Aside from the issues with the saturated fat, coconut oil is actually very good for you - it's a wonderful moisturiser, and is also an anti-fungal, anti-viral and anti-bacterial agent, meaning it can assist in fighting infections.  I can certainly say that it's great for soothing irritated skin and dry patches - I've been using a little, when my hands feel sore, and it's really helped them.

There is a lot of debate about whether "virgin" coconut oil is more superior than other kinds, but I am not sure how much attention to pay to this.  The kind that we have in our kitchen is "virgin" because that is the only brand we have been able to find at our supermarket, though I have found a good version on Amazon (also "virgin", that I will order when we need some more, as it is cheaper).  It comes in a small pot, and is solid, not liquid.  At higher temperatures, it melts - more easily than butter, and it doesn't matter if it melts and then becomes solid again.  

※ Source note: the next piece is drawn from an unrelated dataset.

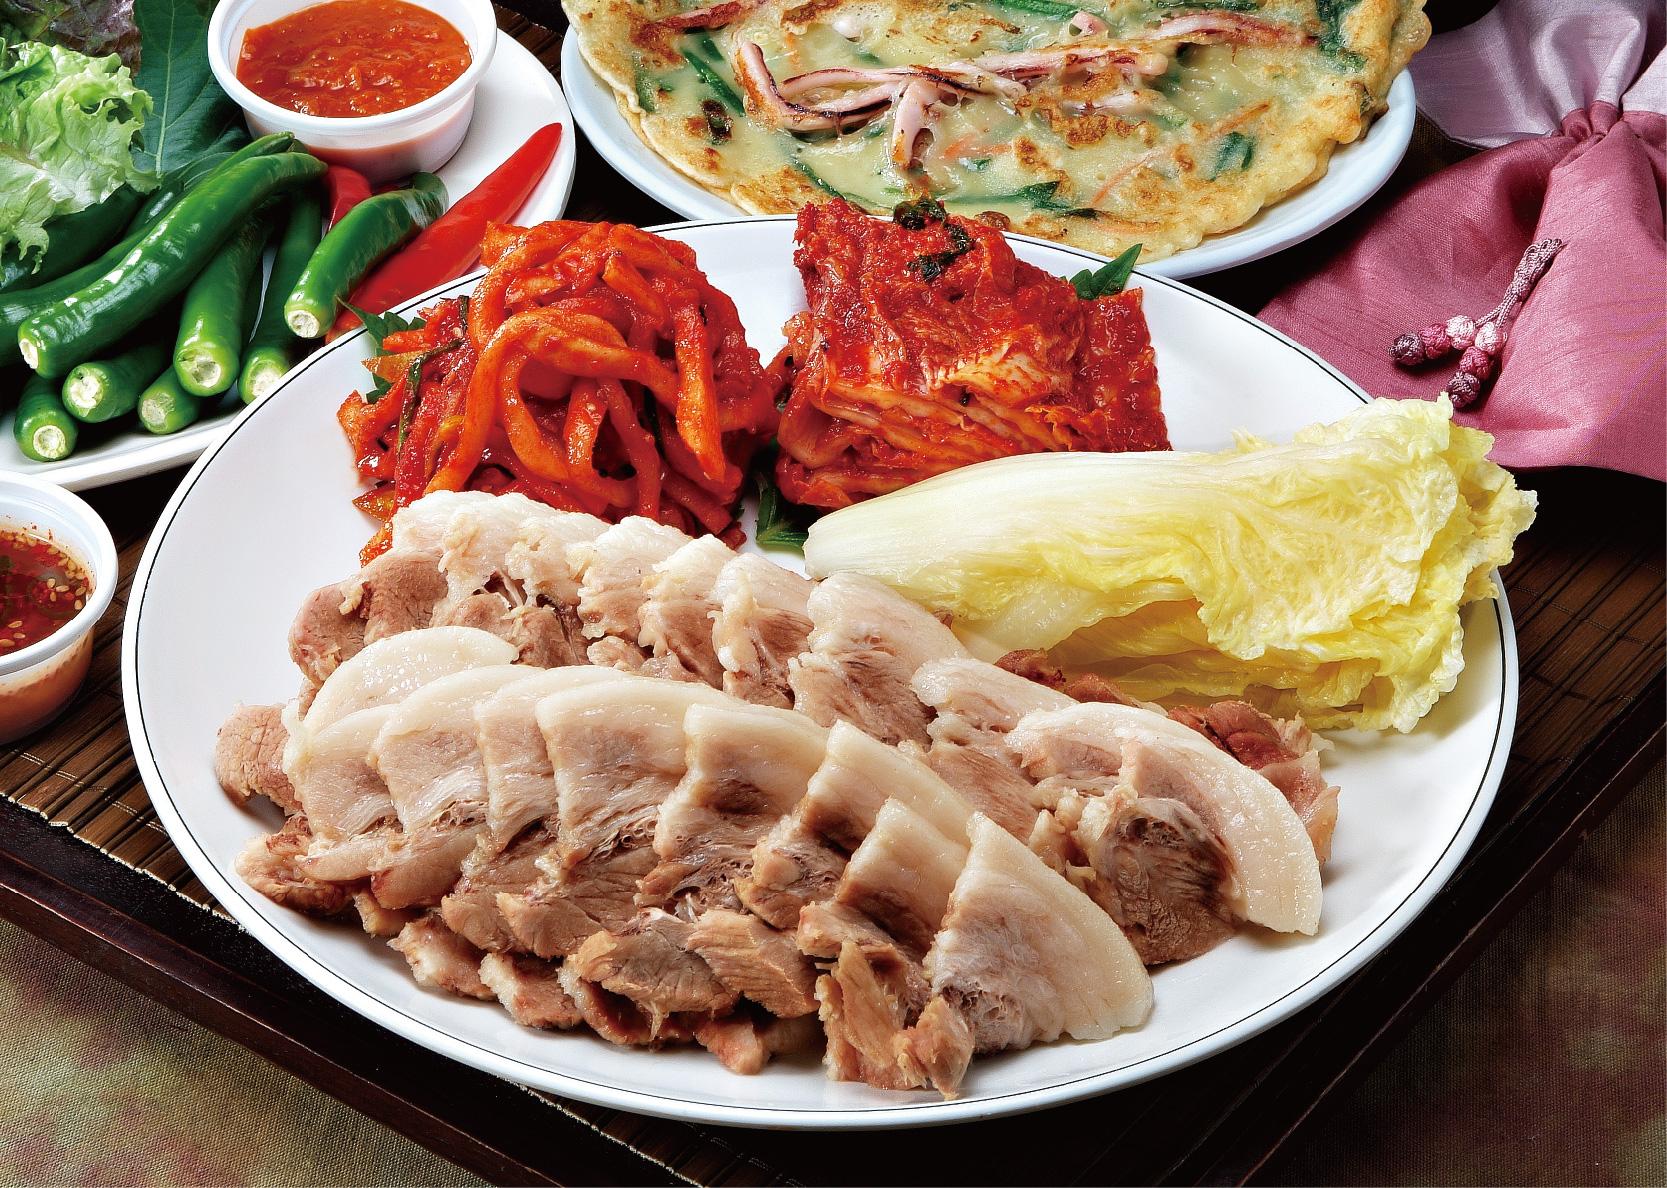 Plate of Korean cuisine featuring jokbal and bossam, available for delivery with tableware and ingredients.

One of our concerns when we decided to try it was that the coconut oil would alter the taste of our food.  So far, we have found this to be the case only minimally - I made a veggie chilli last week, that had a slightly sweeter taste, we thought, than it did ordinarily.  Other dishes I have cooked using the oil, seem to be unchanged.  However, I have noticed that bread baked with coconut oil is much denser and moister than loaves baked without it.  This isn't really a problem, although I personally prefer bread that is a little lighter in texture.  The rest of the family haven't noticed though.  

I wasn't sure exactly how much oil to use, since in our cool climate, it is very solid in its jar!  But I am reckoning on about 1 teaspoon of solid oil per tablespoon of liquid oil, and so far that seems to be a reasonable estimation.  

There are probably quite a lot of people who will still hesitate to use coconut oil despite all the research that points towards it actually being a "superfood" rather than an unhealthy trans-fat.  I must admit I was still a little sceptical, but as Papa Bear pointed out, we often eat meals that don't have any fat in them at all - and when we do, I always use it sparingly.  We don't generally eat desserts, which cuts down on the amount of fat we eat, and in fact humans should eat some fat as part of their diet - and there is even a belief by some, such as is expressed in this book (which I have read, but no longer own, as we didn't really enjoy the recipes that I tried from it), that eating a diet high in fat isn't as unhealthy as was once thought.  In our home the jury's still out on this - but we do feel that the coconut oil is worth sticking with - if only because it tastes great - and smells amazing!